Cuba’s name on the list has been a major sticking point in negotiations aimed at reopening embassies, which closed after the Cold War-era foes broke relations in 1961.
It has made it difficult for Cuba to have access to the international banking system.
Cuba was first put on the list, which also includes Syria, Sudan and Iran, in 1982 for harboring militant ETA Basque separatists and Colombian FARC rebels.
US Secretary of State John Kerry will arrive in Panama hours before Obama and could meet with Cuban Foreign Minister Bruno Rodriguez, which would mark the highest-level talks in decades.
An announcement about the list during the 35-nation Summit of the Americas on Friday and Saturday would add to the historic nature of the gathering.
The meeting will mark the first time that a Cuban leader attends the event, heralding a new milestone in the diplomatic thaw.
“Cuba’s presence on the list is seen in Cuba as an unfounded insult and a lie,” said Arturo Lopez-Levy, a Cuban analyst at New York University.
Mark Weisbrot, director of the Washington-based Center for Economic and Policy Research think tank, said removing Cuba from the list would be “just the beginning” of efforts to normalize relations.
“This is just a bare-minimum first step,” Weisbrot said, noting that Havana also wants Congress to lift the US embargo and Washington to abandon the Guantanamo Bay naval base on Cuba’s eastern edge.
– US Congress review –
Cuba’s removal from the list would not be immediate.
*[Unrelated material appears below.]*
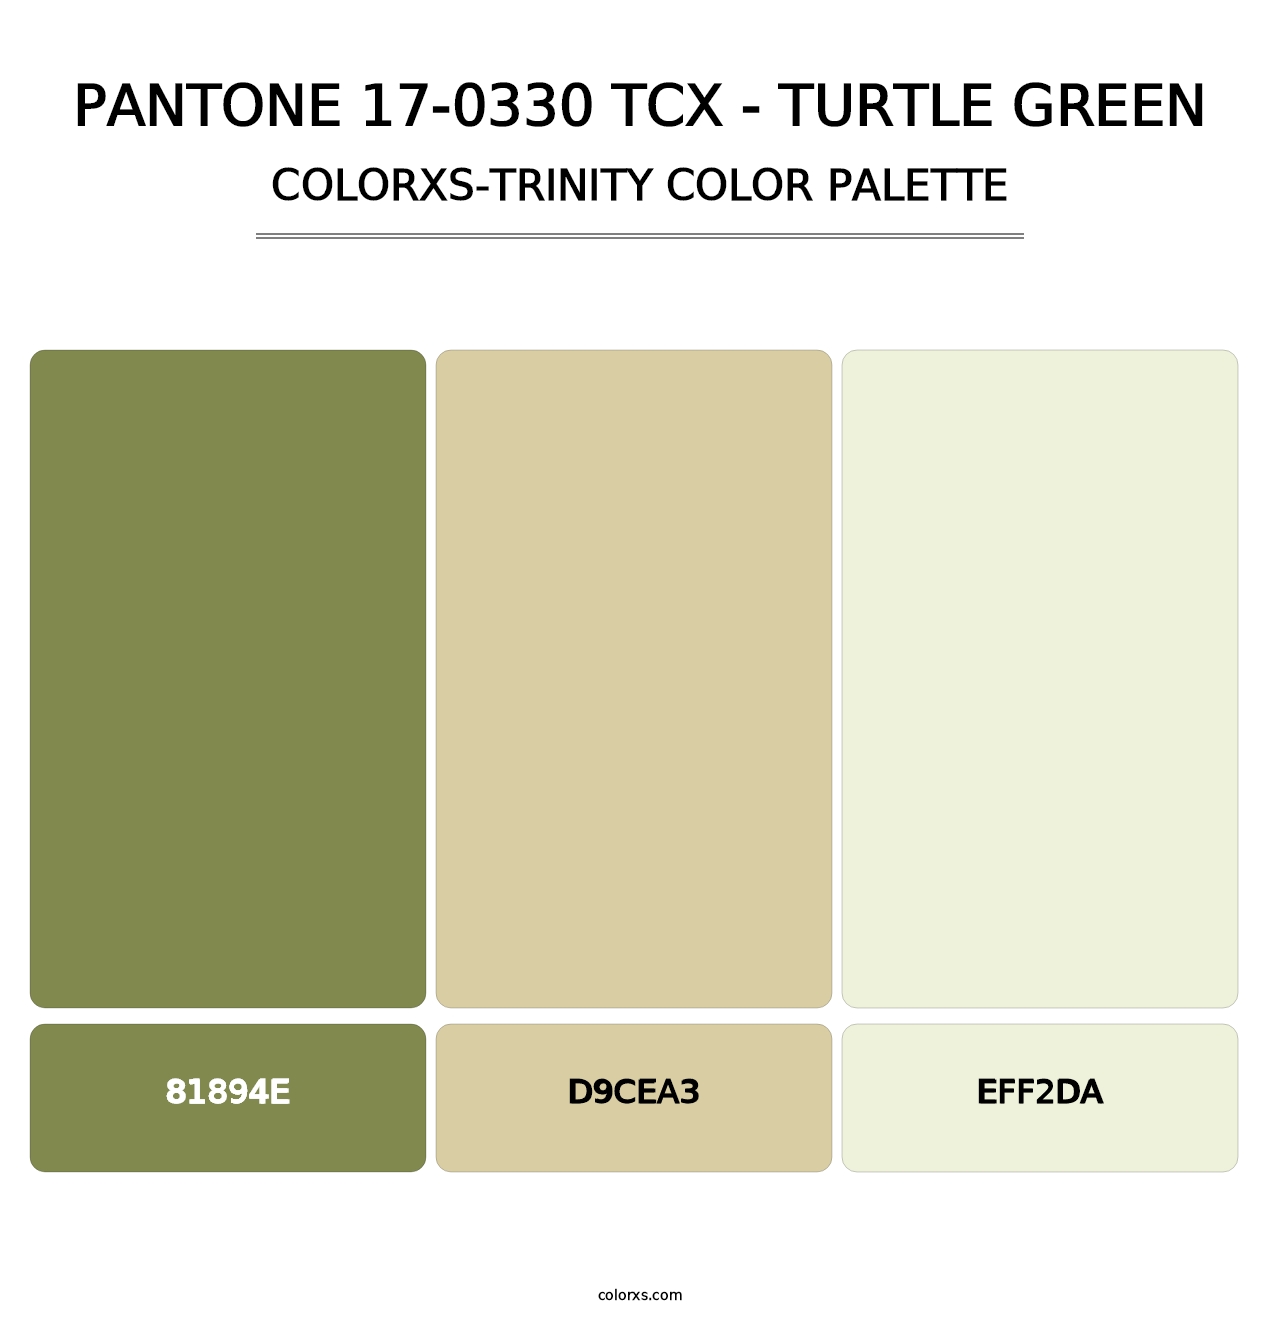 PANTONE 17-0330 TCX - Turtle Green - Colorxs Trinity Palette

Congress would have 45 days to decide whether to override Obama’s recommendation.
US lawmakers who have been critical of the diplomatic detente could seize on the review of the list to further attack Obama’s Cuba policy.
US Senator Ted Cruz, a Cuban-American Republican running for his party’s presidential nomination, has been among the most vocal critics of the rapprochement.
A scene of lingering tensions among Cuban dissidents and government sympathizers emerged on Wednesday in Panama City.
Some 100 Castro regime supporters jeered dissidents as they arrived at a Latin American civil society forum in a Panama City hotel, shouting “sell outs” and “imperialists” before leaving the event.
US State Department spokeswoman Marie Harf slammed reports that Cuban dissidents were attacked.
“We condemn those who use violence against peaceful protesters,” Harf said.
– Maduro petition –
Analysts have pointed to another potential problem for Obama at the summit: The sanctions he imposed against Venezuelan officials accused of human rights abuses in an opposition crackdown.
Venezuelan President Nicolas Maduro, Havana’s main ally in the region, hopes to bring a petition signed by 10 million of his citizens urging Obama to lift his executive order.
Other Latin American nations have criticized the order, which calls Caracas a US national security threat.
The White House has since said that it does not see Venezuela as a threat and that the wording is a requisite for such sanctions.
“We do not believe that Venezuela poses a threat to the United States, nor does the United States threaten the Venezuelan government,” Obama said in an interview with Spanish news agency EFE.
“But we do remain very troubled by the Venezuelan government’s efforts to escalate intimidation of its political opponents.”